Elizabeth "Liz"  Donnelly is a fictional character from the NBC crime drama Law & Order: Special Victims Unit, portrayed by Judith Light. She made her first screen appearance during the third season episode "Guilt", which was broadcast on March 29, 2002.

Development

Creation and casting
Elizabeth Donnelly was conceived by producer Ted Kotcheff. He wanted Judith Light to make a guest appearance on the show, after he saw her in a production of Wit. However, Light had to tour with the play and was unable to take up Kotcheff's offer. When Light returned to New York, Kotcheff remembered her and offered her the role of Donnelly. Light commented, "perhaps they were looking to create another strong female on the show, but that's how it came about." Gail Shister from The Philadelphia Inquirer reported Light's casting on February 19, 2002, saying she had been cast in a recurring role as the "tough new bureau chief". Light made her first appearance on March 29, 2002.

Characterization
In their book The Law and Order: Special Victims Unit Unofficial Companion, Susan Green and Randee Dawn described Donnelly as having "a steely presence with a sure moral compass". They also noted that other than her career path, little was known about Donnelly's life. Light said her character was "in love with the law" and not open to corruption, as she always wanted to do the right thing. Light called Donnelly "powerful" and added that she often helped people who had potential. After serving as Bureau Chief ADA, Donnelly became a judge in the seventh season.

Character biography
Although originally appearing as a Bureau Chief ADA, Donnelly is elevated to judgeship.  While working for the Manhattan District Attorney's Office, however, she serves as the supervisor of Alexandra Cabot (Stephanie March) and her successor, Casey Novak (Diane Neal); Donnelly has presided over numerous cases prosecuted by Casey Novak, as well as a case prosecuted by Novak's successor, Kim Greylek (Michaela McManus), in the episode "Persona".

Although a judge, Donnelly represents both Novak and Det. Elliot Stabler (Christopher Meloni) in the season 8 episode "Haystack", when a man suing for custody of his child sues them for alleged conspiracy and assault. The suits are dropped, however, following the man's arrest on kidnapping charges.

In the season 7 episode "Gone", Donnelly's office is bugged, resulting in a witness being abducted and murdered.  When Novak and SVU detectives are unable to link the homicide to the bugging, Donnelly is reluctantly forced to dismiss the case, due to lack of witness testimony, though it is later discovered that the defendants indeed bribed a court officer to bug her office. Donnelly helps to catch the officer responsible and interrogate her.

In the season 9 episode "Cold", Donnelly calls Novak to her office and informs her that she will be censured and suspended for possibly a year or more for violating Brady rules. Novak asks her what she should do, and Donnelly replies, "Something else."

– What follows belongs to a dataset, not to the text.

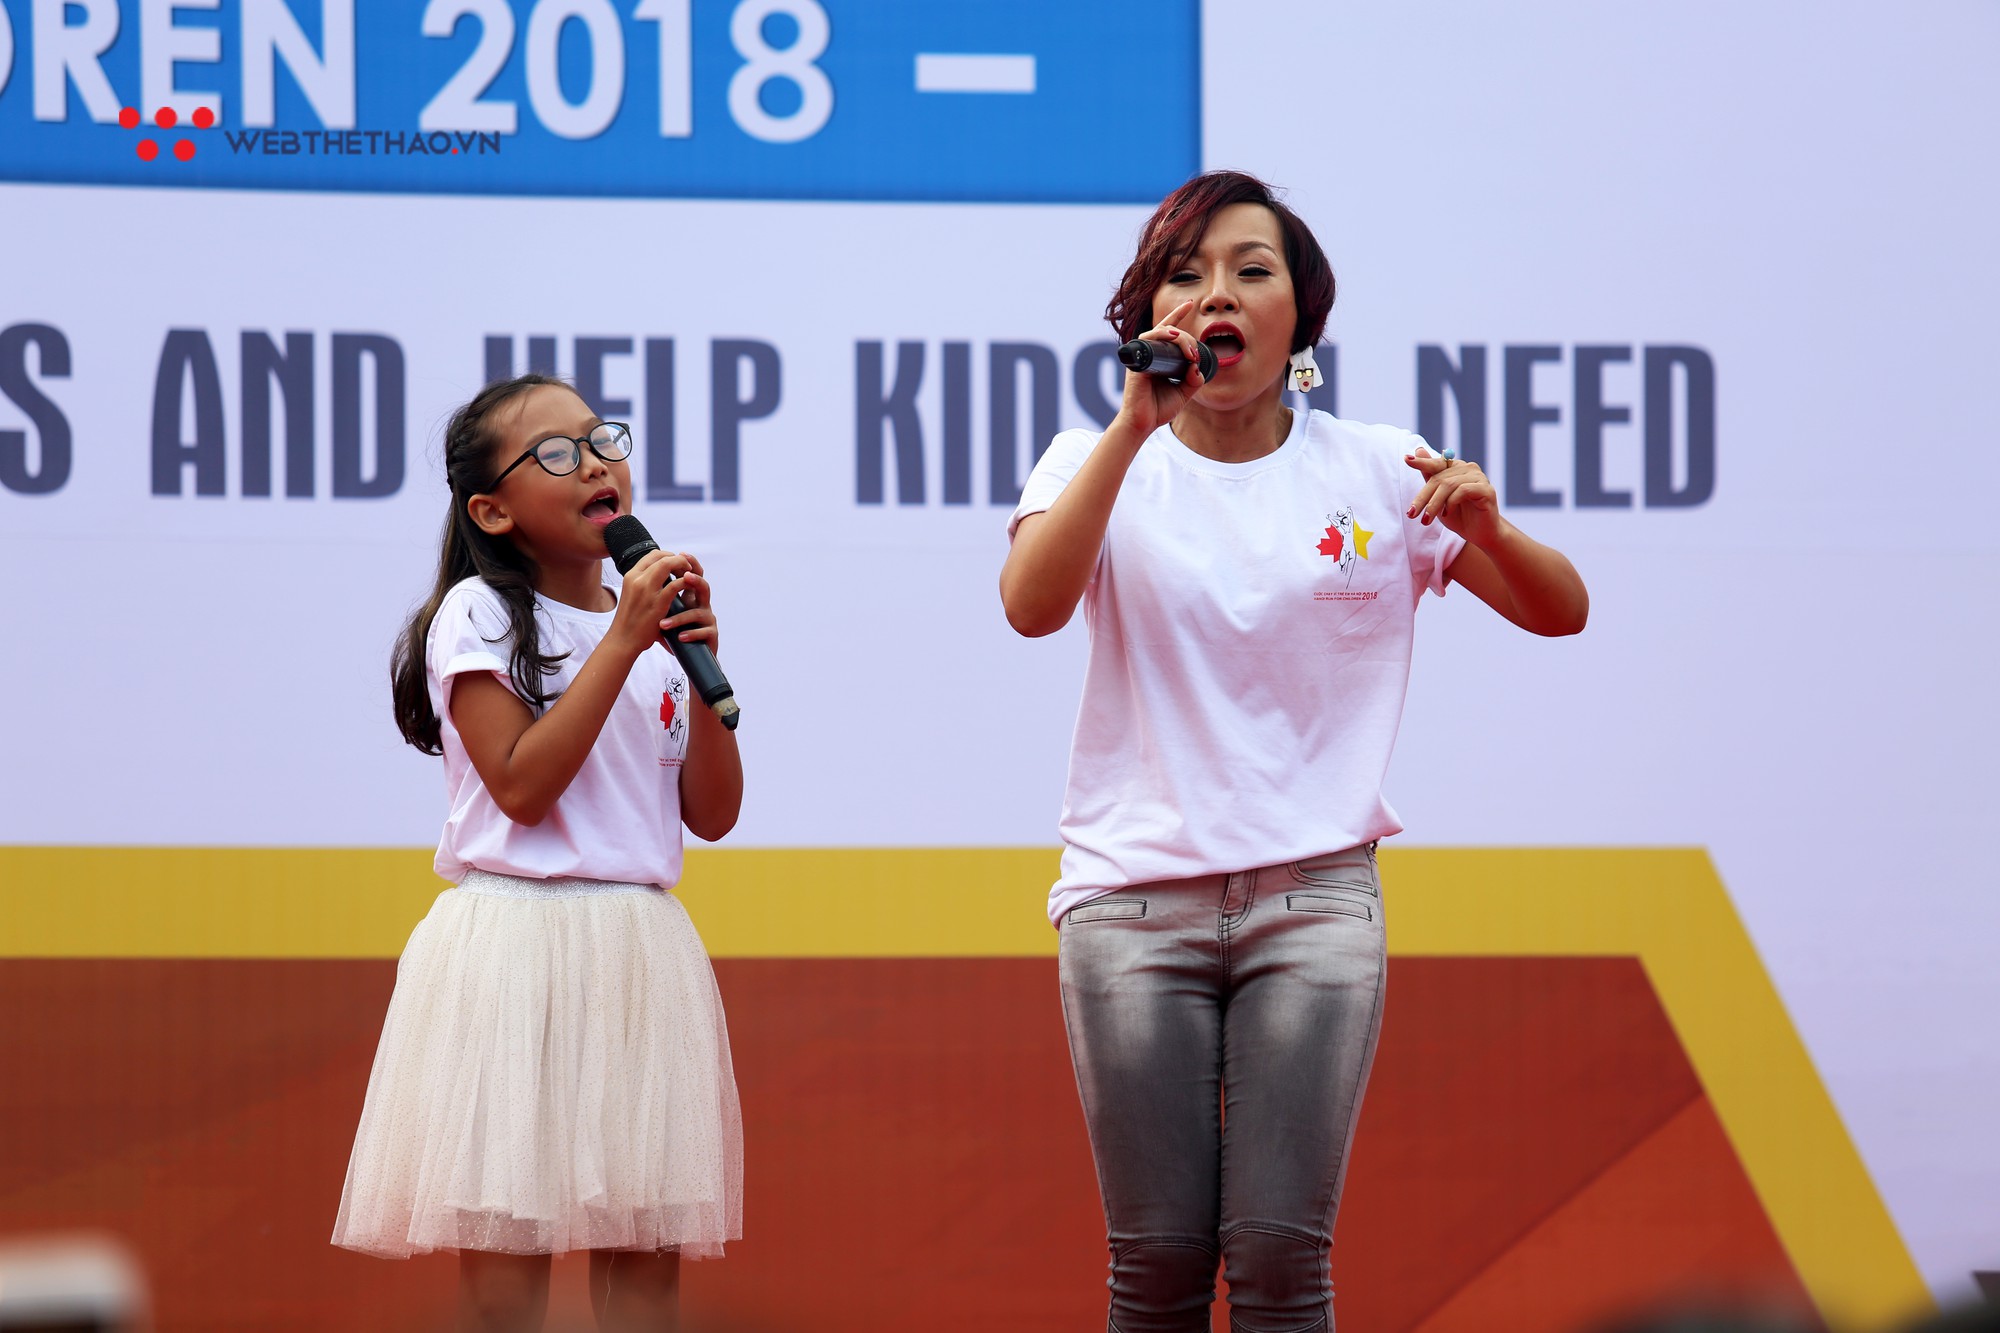 Ca sĩ Thái Thùy Linh, Đức Tuấn ‘quẩy’ nhiệt tình tại Chạy vì trẻ em Hà Nội 2018 - Ảnh 6.

In the season 10 episode "Persona", Donnelly takes a leave of absence from her role as a judge to act as prosecutor on a cold case she was involved with in the 1970s, when a battered woman (Brenda Blethyn) murdered her husband. She admits to Det. Olivia Benson (Mariska Hargitay) that she was responsible for the woman escaping from custody and therefore took on the case due to "unfinished business". Her role in the escape leads to mishaps in the justice system being termed "doing a Donnelly" for many years to come. This episode calls attention to the difficulty Donnelly experiences as a woman working in the justice system. The woman claims to have been raped, but Donnelly believes she is just manipulative and was using it as an excuse to get away with murder since she had fled Donnelly when she had asked for a meeting to discuss a plea deal. When the woman gets on the stand and tells her story, Donnelly confronts her with her escape and she reveals why she ran: she was pregnant from her rape and wanted an abortion, but couldn't get it in prison. She had approached Donnelly with the intention of agreeing to plead guilty in exchange for being allowed to get the abortion, but lost her nerve when she saw how strong of a woman Donnelly was and believed she was weak. This revelation stuns Donnelly and clearly deeply affects her. The woman is found not guilty of the murder but guilty of the escape, and Donnelly decides to ask for probation at sentencing.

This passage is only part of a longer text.